I say that because while the TLX is an all-new offering (it replaces both the TL and TSX), it hardly shakes up the Acura formula we've come to accept over the past few years. It looks like everything else in the automaker's lineup, complete with the neat LED headlamps and signature beaked grille. Power comes from either a 2.4-liter naturally aspirated inline-four with 206 horsepower, or a 3.5-liter V6 with 290 hp - engines we've tested in countless other Honda/Acura products. The front-wheel-drive version uses the Precision All-Wheel Steer (P-AWS) from the RLX, and high-end V6 models use the Super-Handling All-Wheel Drive (SH-AWD) that we've enjoyed across the rest of the Acura range. Really, there's nothing to write home about here, except maybe, how that power is sent to the wheels.

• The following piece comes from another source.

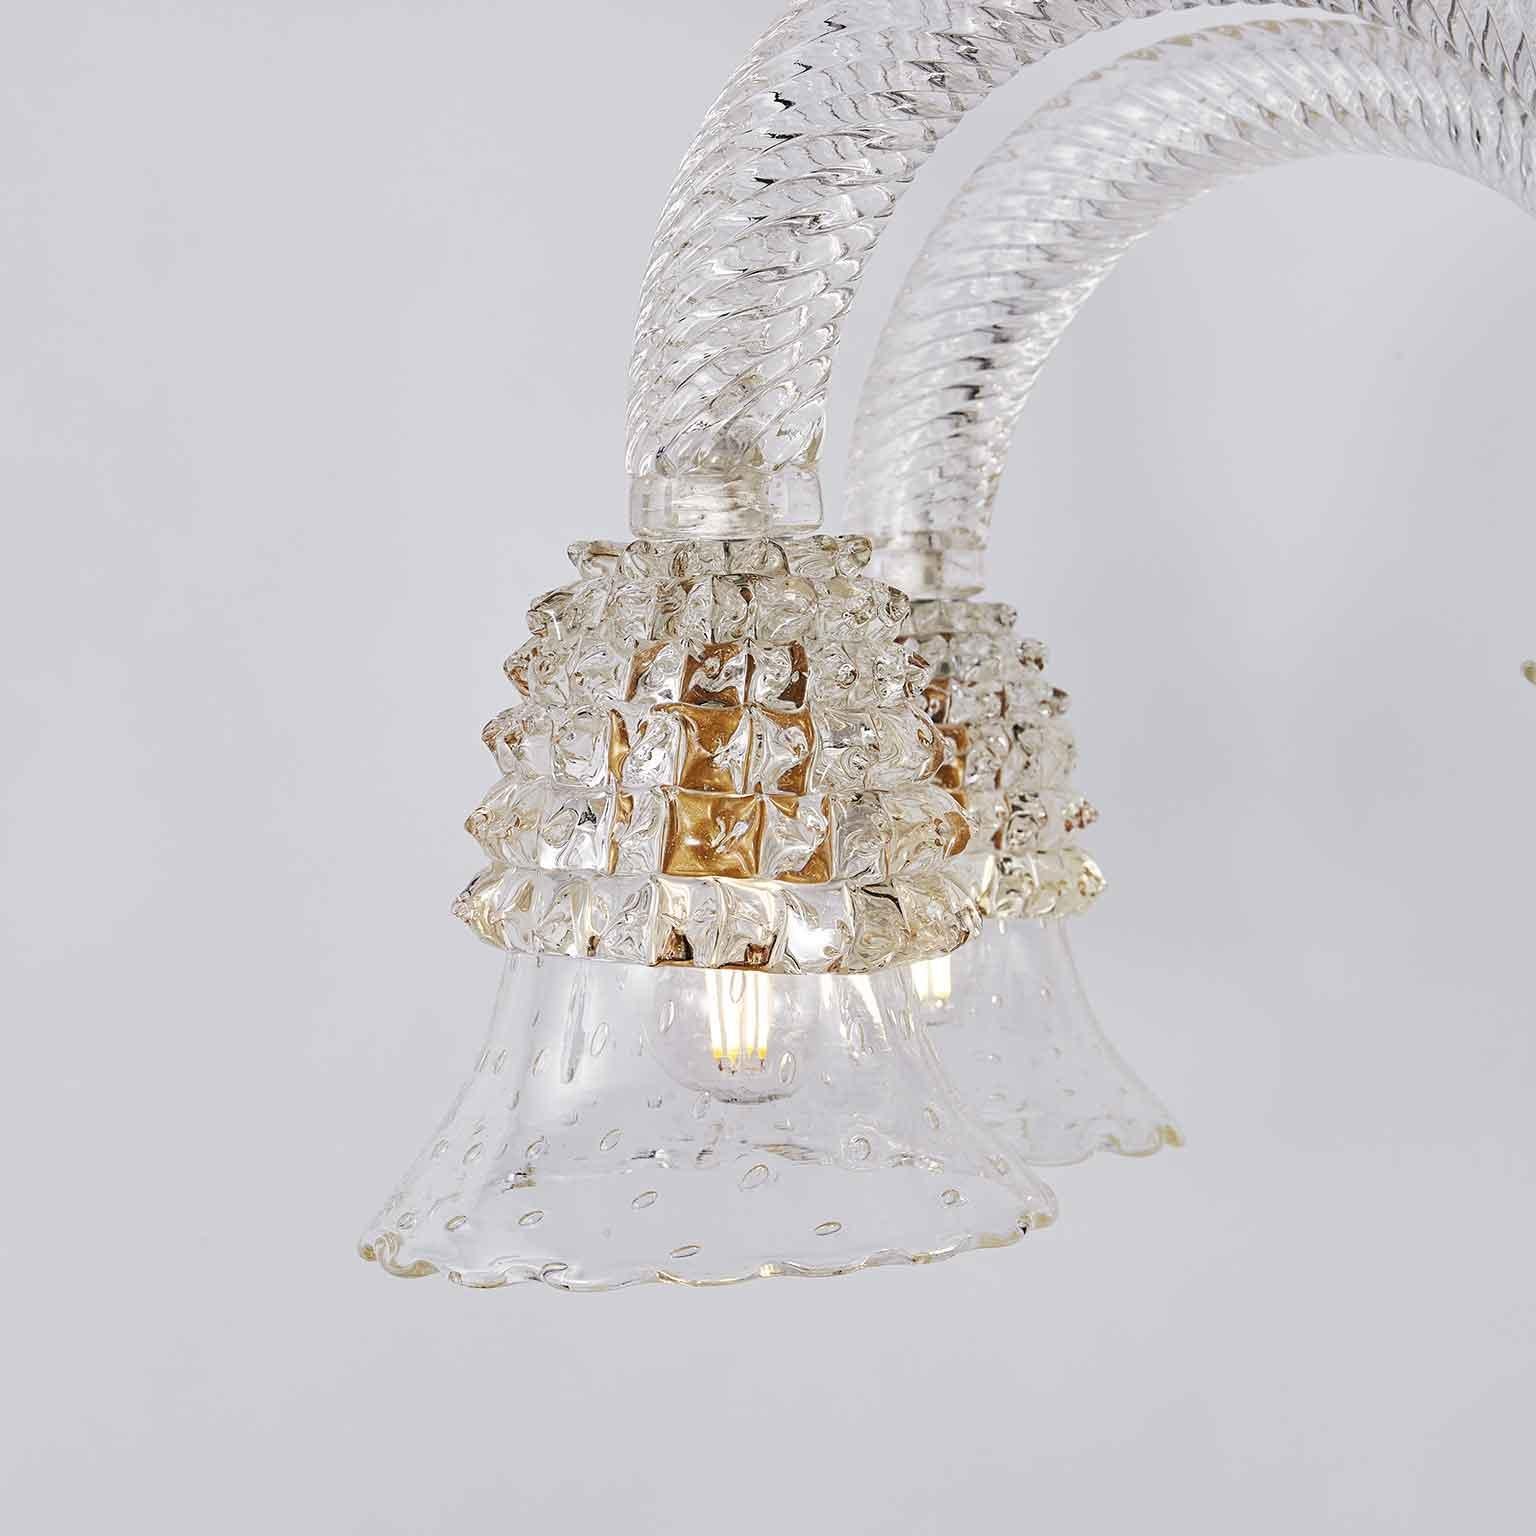 Hand-Crafted 20th Century Venetian Barovier Rostrato Glass Chandelier from Murano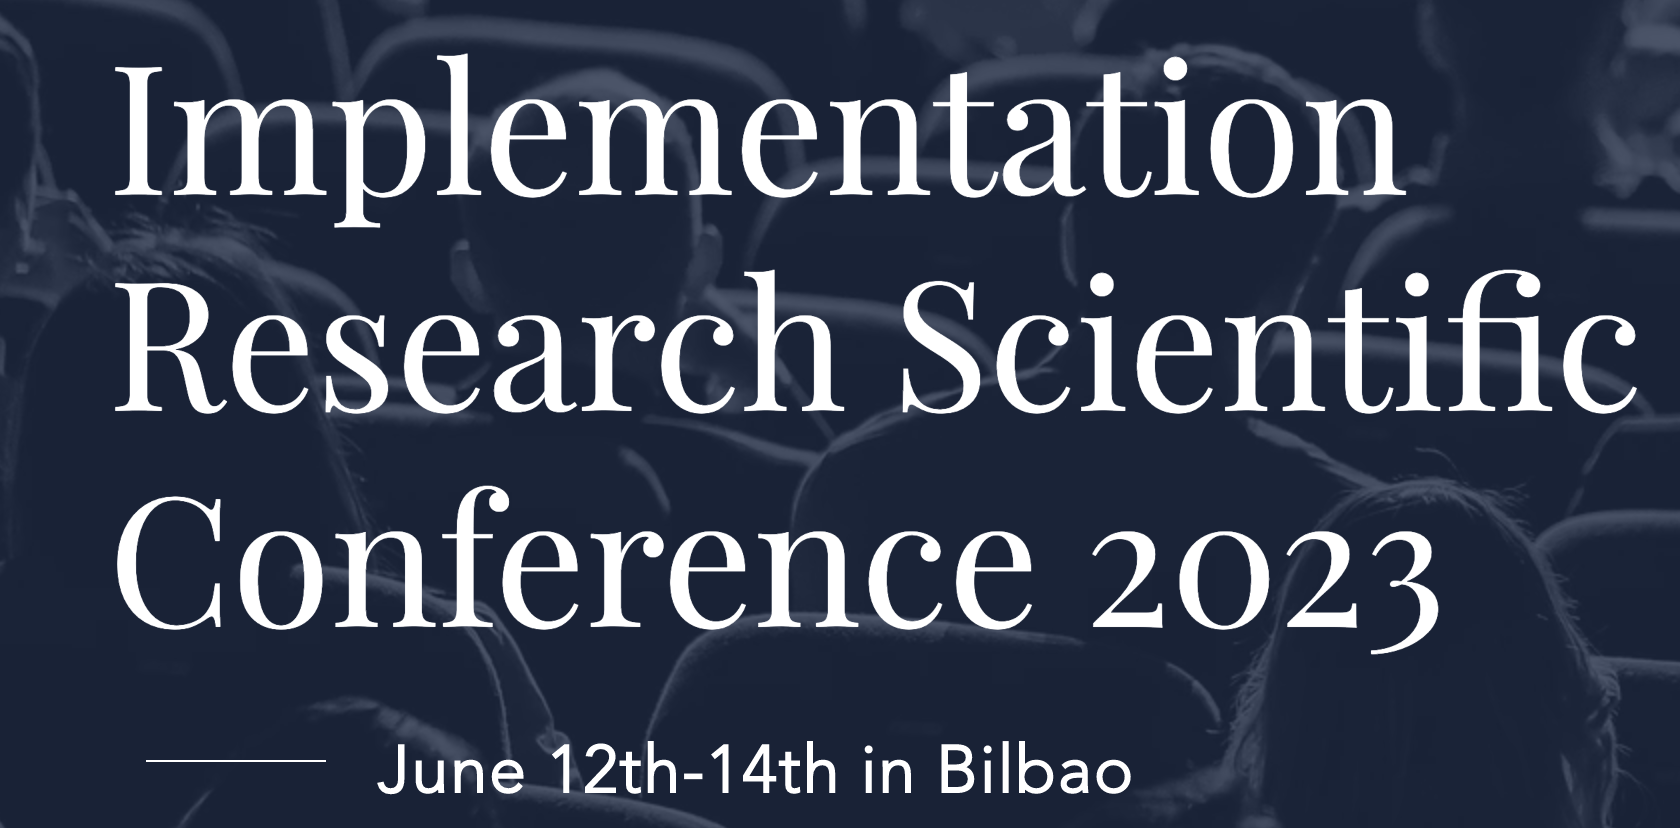 Implementation Research Scientific Conference 2023 event banner

Acura is finally - finally - moving beyond the world of the six-speed transmission, offering a new eight-speed, dual-clutch gearbox with the 2.4-liter engine, and a swanky new nine-speed automatic with the 3.5-liter V6. This is arguably the biggest news surrounding the TLX, though do note, fuel economy hasn't vastly been improved in the process. The TLX 2.4 musters up 24 miles per gallon in the city and 35 mpg highway, while the front-drive V6 is rated at 21/34 mpg. Optioning for the V6 SH-AWD reduces things to 21/31 mpg.